How does it leap from one species to another?

Viruses are known as very messy microbes. They replicate very quickly and mutate very rapidly. To complicate matters, a coronavirus is an RNA virus—rather than having a double-stranded DNA genome like we do, it has a single-stranded RNA genome which makes it more error-prone than a DNA virus.

If a mutant appears that is well adapted to the non-natural host, it’s going to thrive. And when viruses switch species, they are frequently much more virulent than they are in the natural host.

Is this kind of leap from one species to another unusual?

No, this happens all the time. HIV is a good example of this kind of transition. HIV started as a simian virus that got transmitted from a chimp to a human and mutated to adapt to humans.

In fact, transfers from non-humans to humans are occurring more often because we’re expanding more. If there’s a virus affecting mammals deep in the Amazon, there are more chances for it to spread because there are increasing interactions between humans and non-humans.

Fortunately, most often, these are dead-end transmissions. We see that periodically with influenza. H7N9, a virus that presumably moved from chickens or ducks, has been lethal but the spread has been very limited. 

How do you gauge the threat a virus might pose?

There are two things to consider: How easily is the virus transmitted, and how fatal is it?

The Ebola virus, for example, is highly lethal, but it is not rapidly transmitted because it is spread through bodily fluids.

Meanwhile, measles, which we have largely eliminated due to widespread vaccinations, is less lethal, but highly contagious because it is spread through coughing and sneezing.

The COVID-19 virus appears to be respiratory, which likely means it spreads quickly. It’s too soon to tell how lethal it is—the current estimate of two percent lethality could change a lot. But even if it has a very low lethality rate, if millions are infected, that still means a lot of deaths. 

How might researchers be studying the virus right now?

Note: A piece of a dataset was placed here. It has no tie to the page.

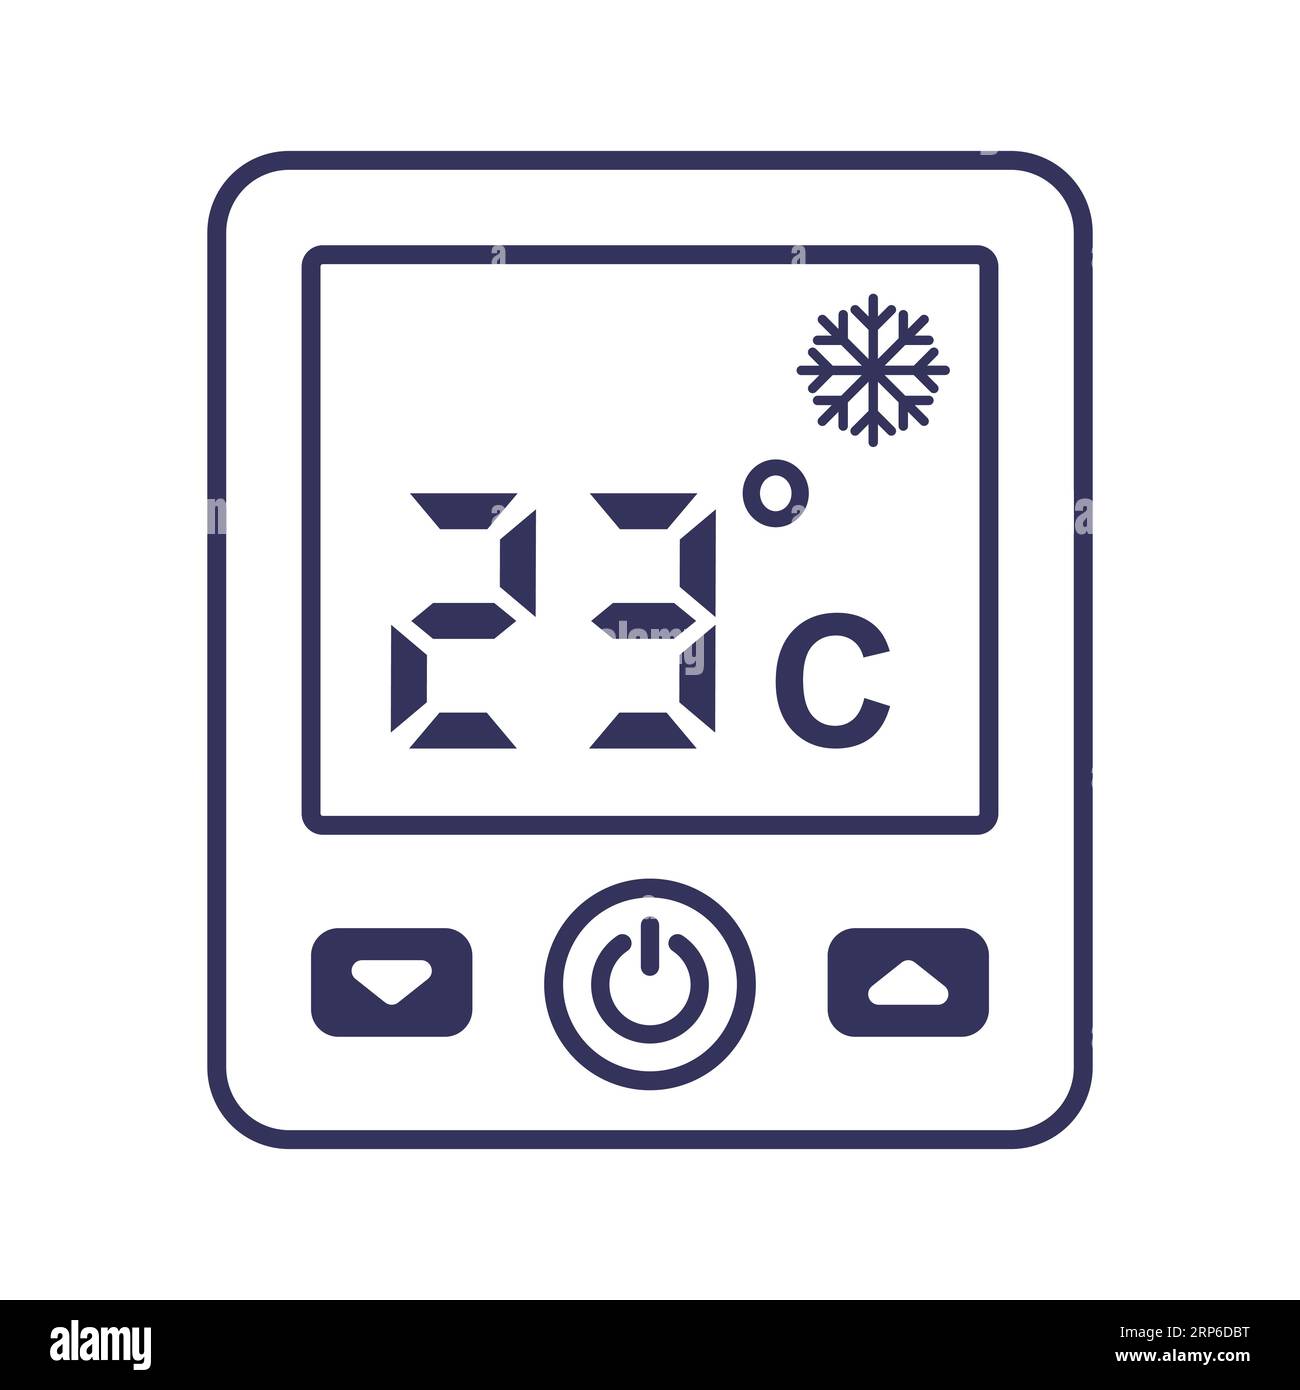 Ays Digital Temperaturregler, Heizung Kühlung Thermostat Steckdose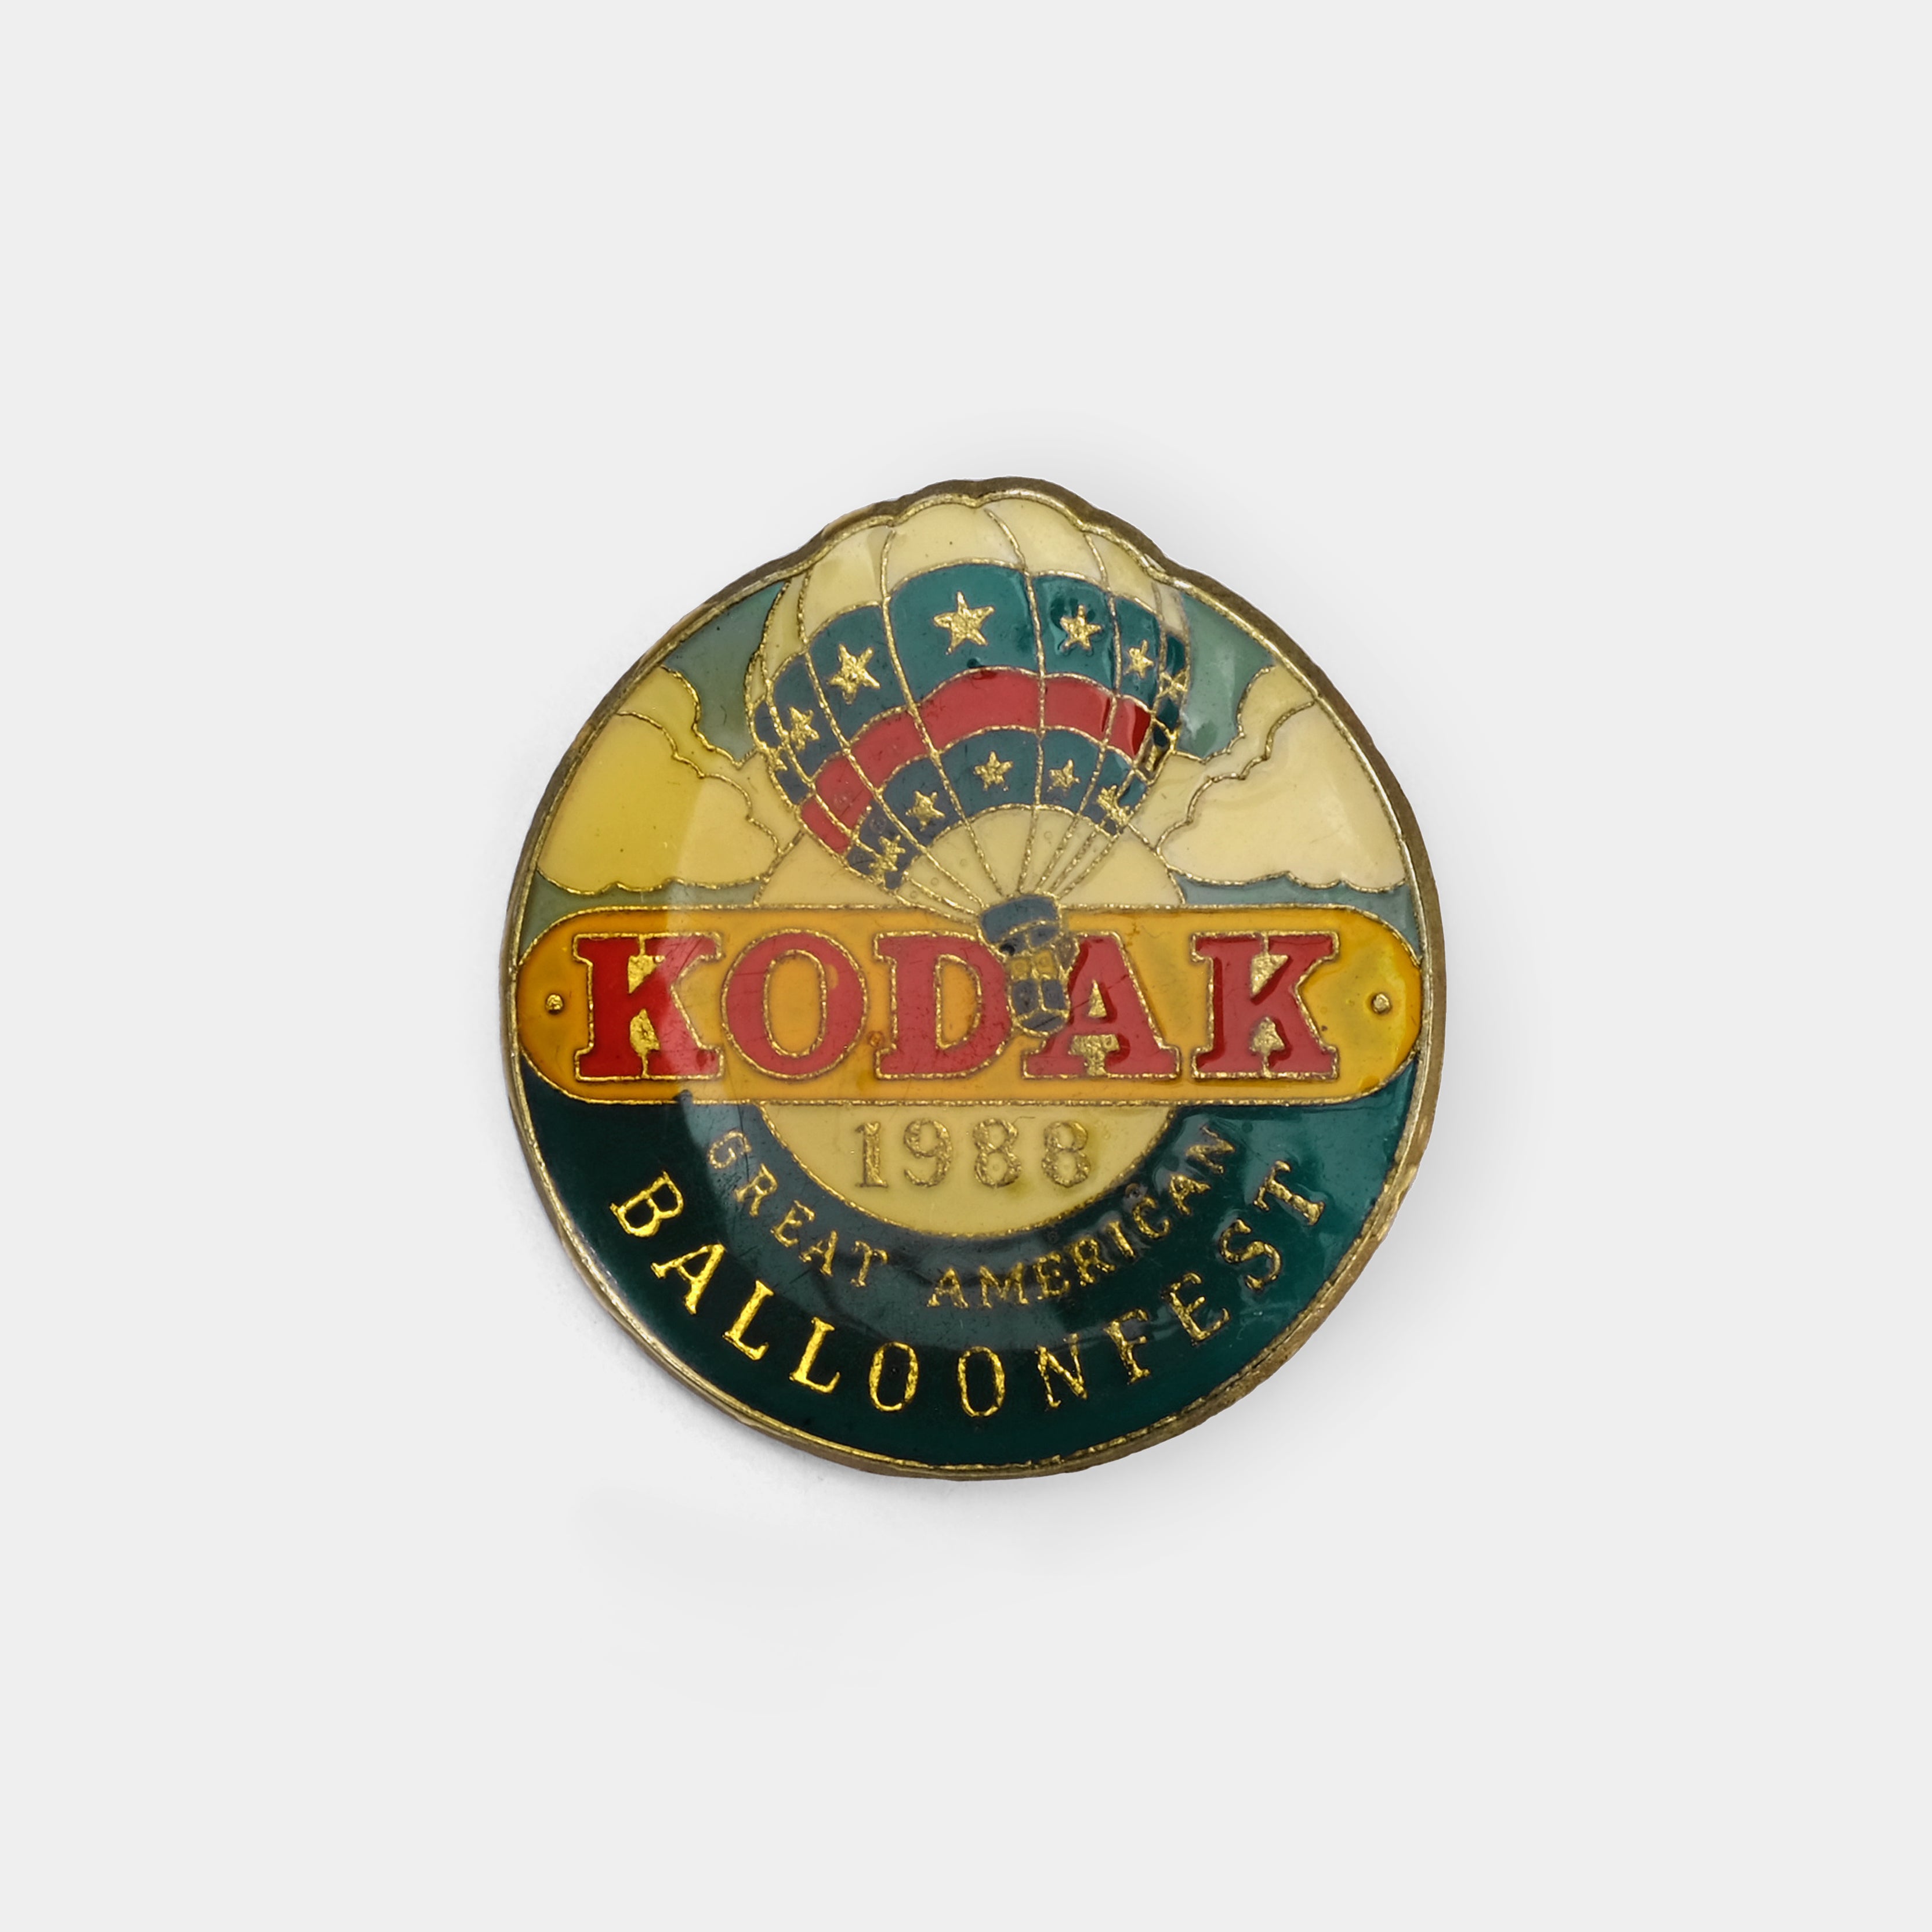 Kodak Great American Balloonfest 1988 Vintage Enamel Pin

One of the first steps is to figure out where it came from so you can see how much it has mutated. That means you isolate the virus from humans and from the wild animals and sequence the RNA of both viruses. Then, you compare the sequences to see how similar they are. That information will help researchers to begin developing possible treatments or vaccines.

When I studied coronaviruses, we were working to understand the interaction between the virus and the host cell. Viruses can only replicate inside the host cell so they have to pass through the outer surface of the cell via a specific protein receptor. We were trying to identify that protein because if you could figure out which protein gave it access to the cell, you could work to block that interaction.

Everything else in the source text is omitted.